### What the exercise asks
Once you find the line with "St Jacobs Country" in the entries below, print it and each line after it up to and including the line with "00:39 | 中本の写メ・風俗動画", exactly, without pictures.

### Material shown

┄┄┄┄┄┄┄┄┄┄┄┄┄┄┄┄┄┄┄┄

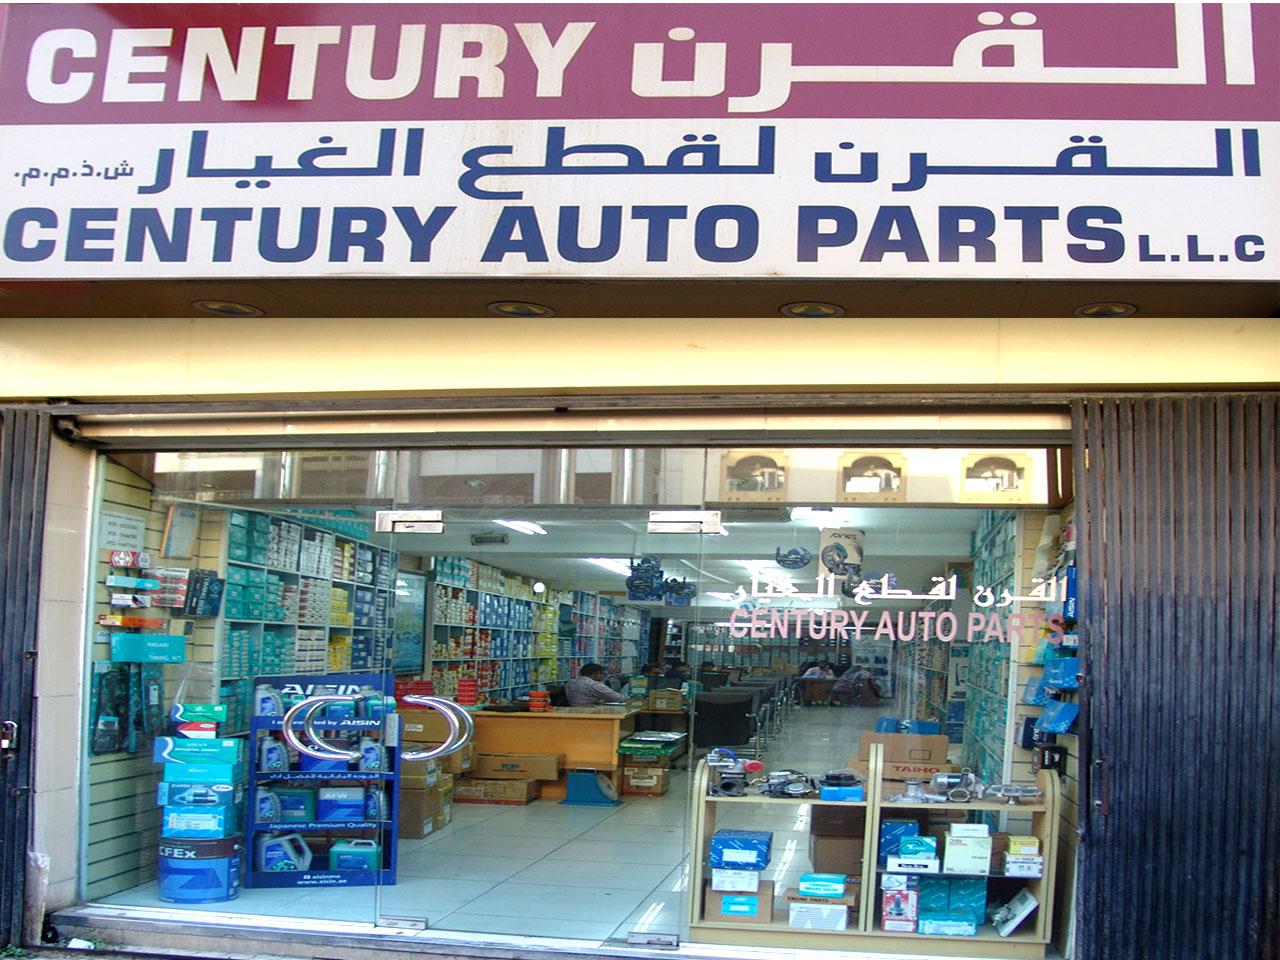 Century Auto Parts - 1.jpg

┄┄┄┄┄┄┄┄┄┄┄┄┄┄┄┄┄┄┄┄

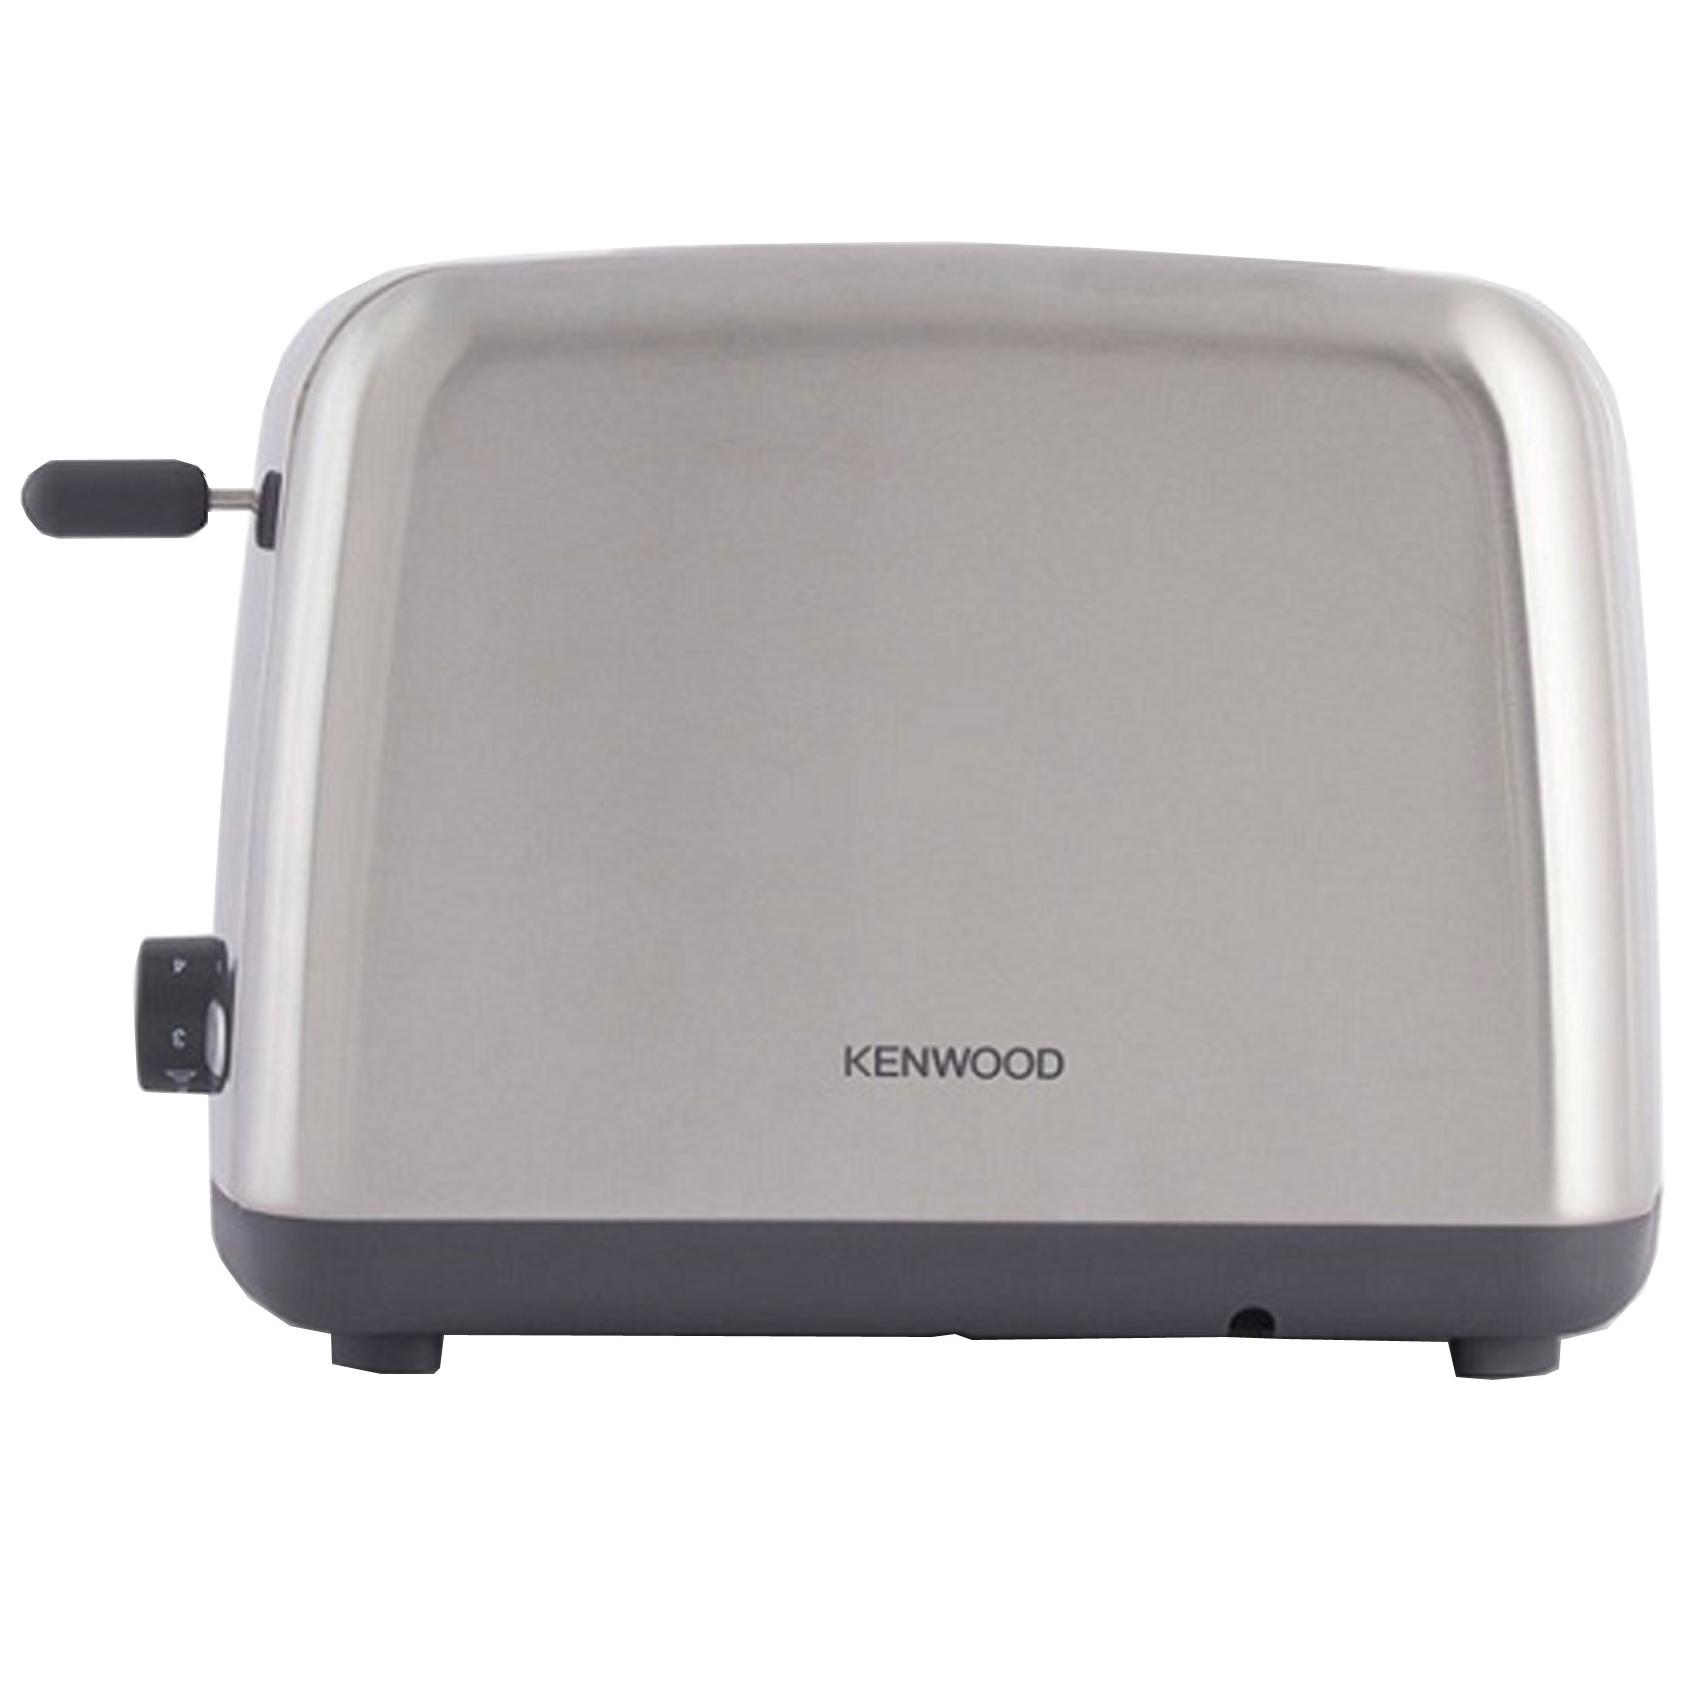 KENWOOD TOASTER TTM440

┄┄┄┄┄┄┄┄┄┄┄┄┄┄┄┄┄┄┄┄

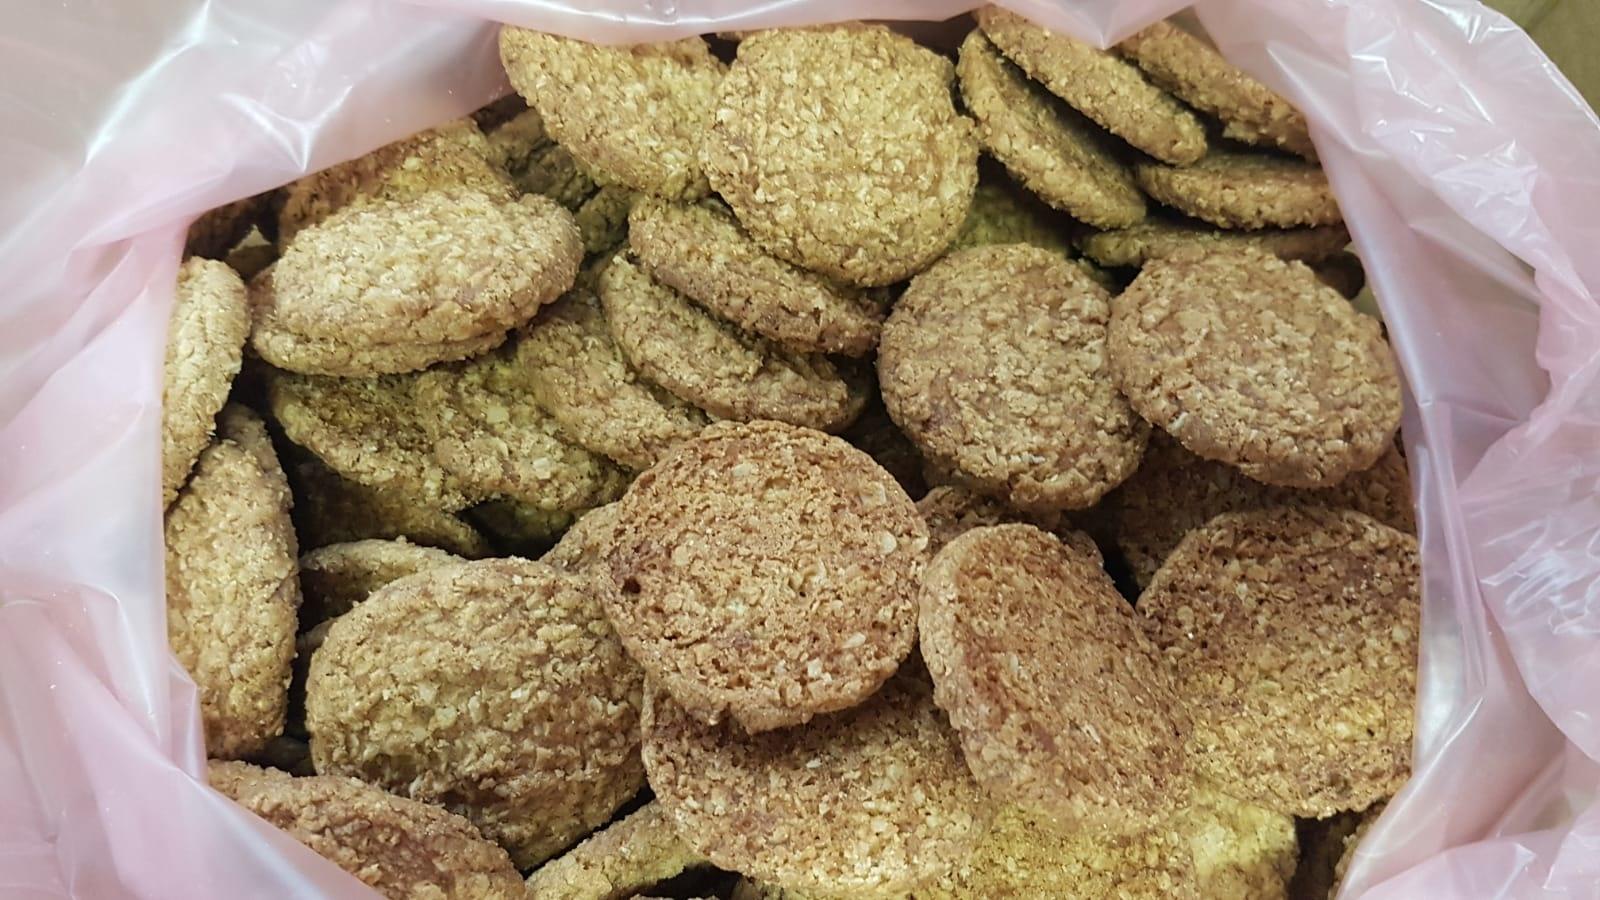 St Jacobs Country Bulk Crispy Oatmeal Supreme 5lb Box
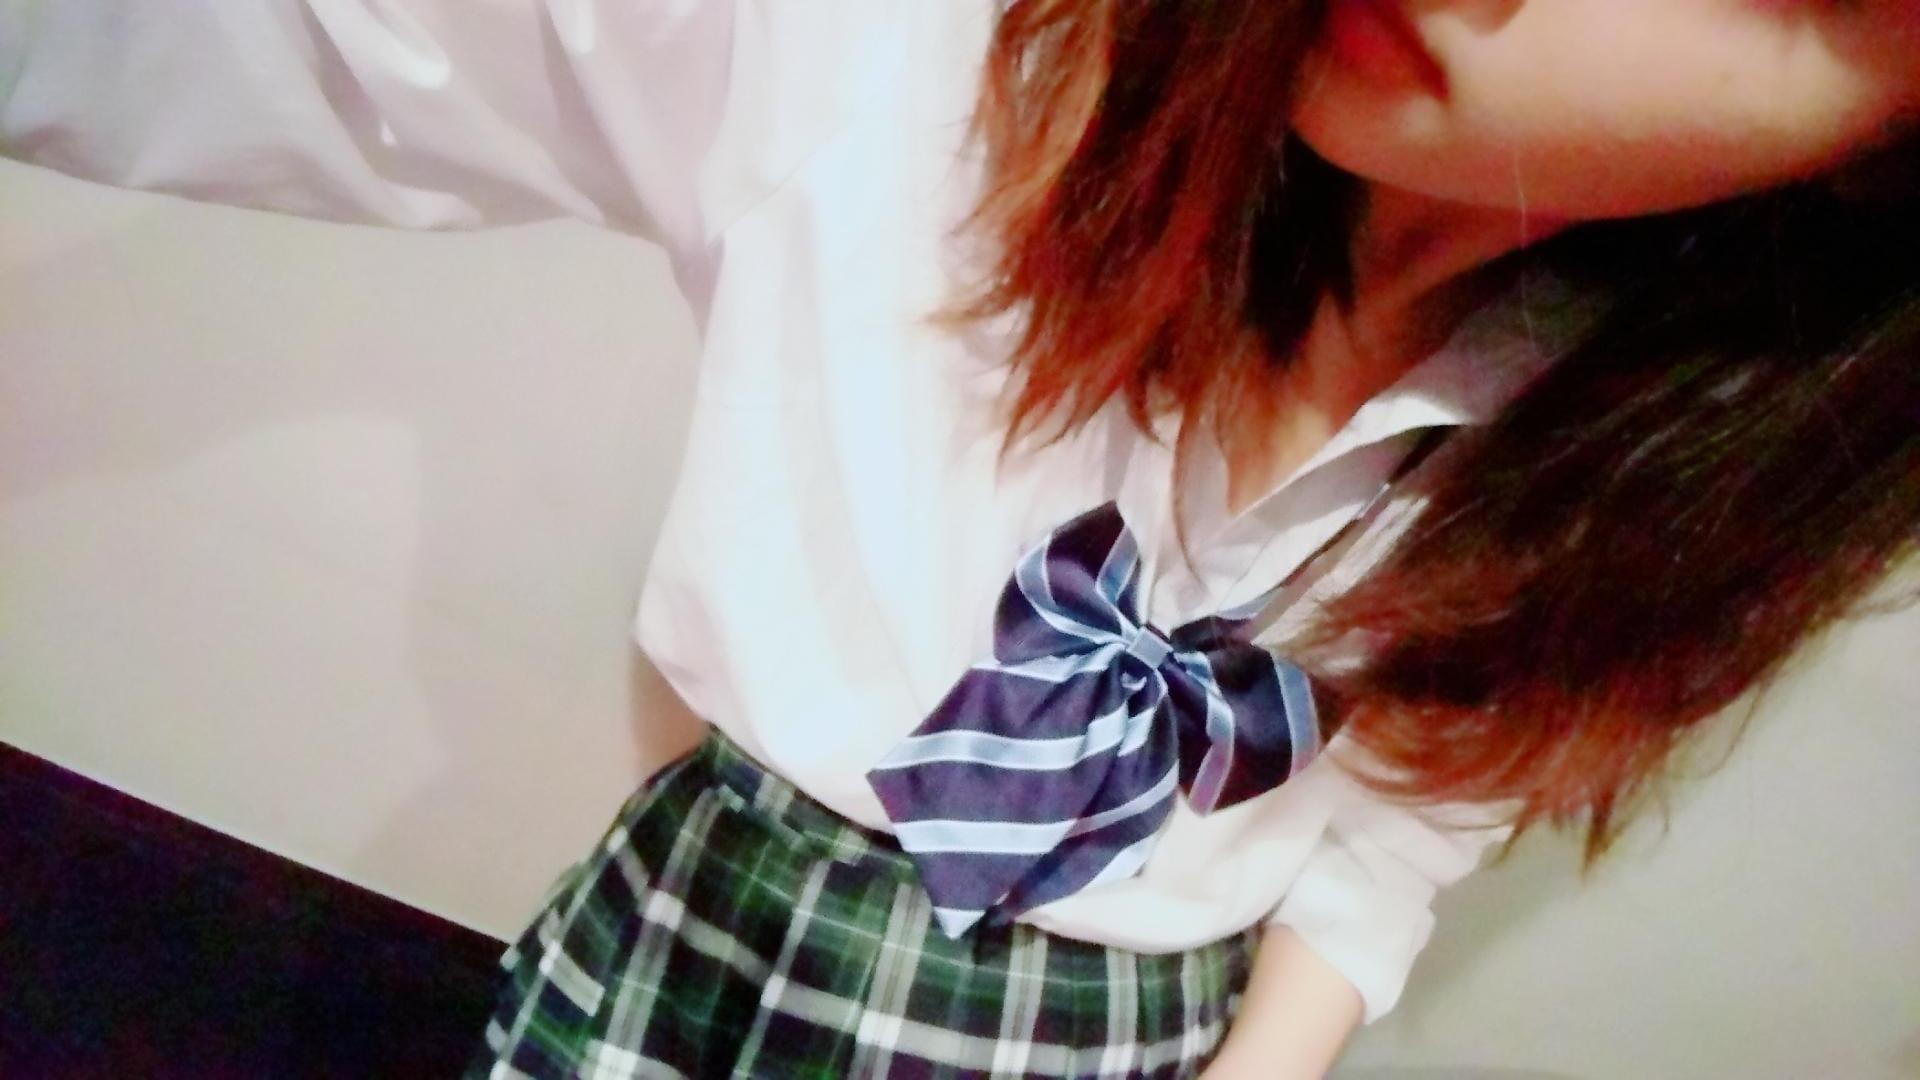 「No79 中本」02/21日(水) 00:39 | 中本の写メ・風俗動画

┄┄┄┄┄┄┄┄┄┄┄┄┄┄┄┄┄┄┄┄

### Response below
 St Jacobs Country Bulk Crispy Oatmeal Supreme 5lb Box
 「No79 中本」02/21日(水) 00:39 | 中本の写メ・風俗動画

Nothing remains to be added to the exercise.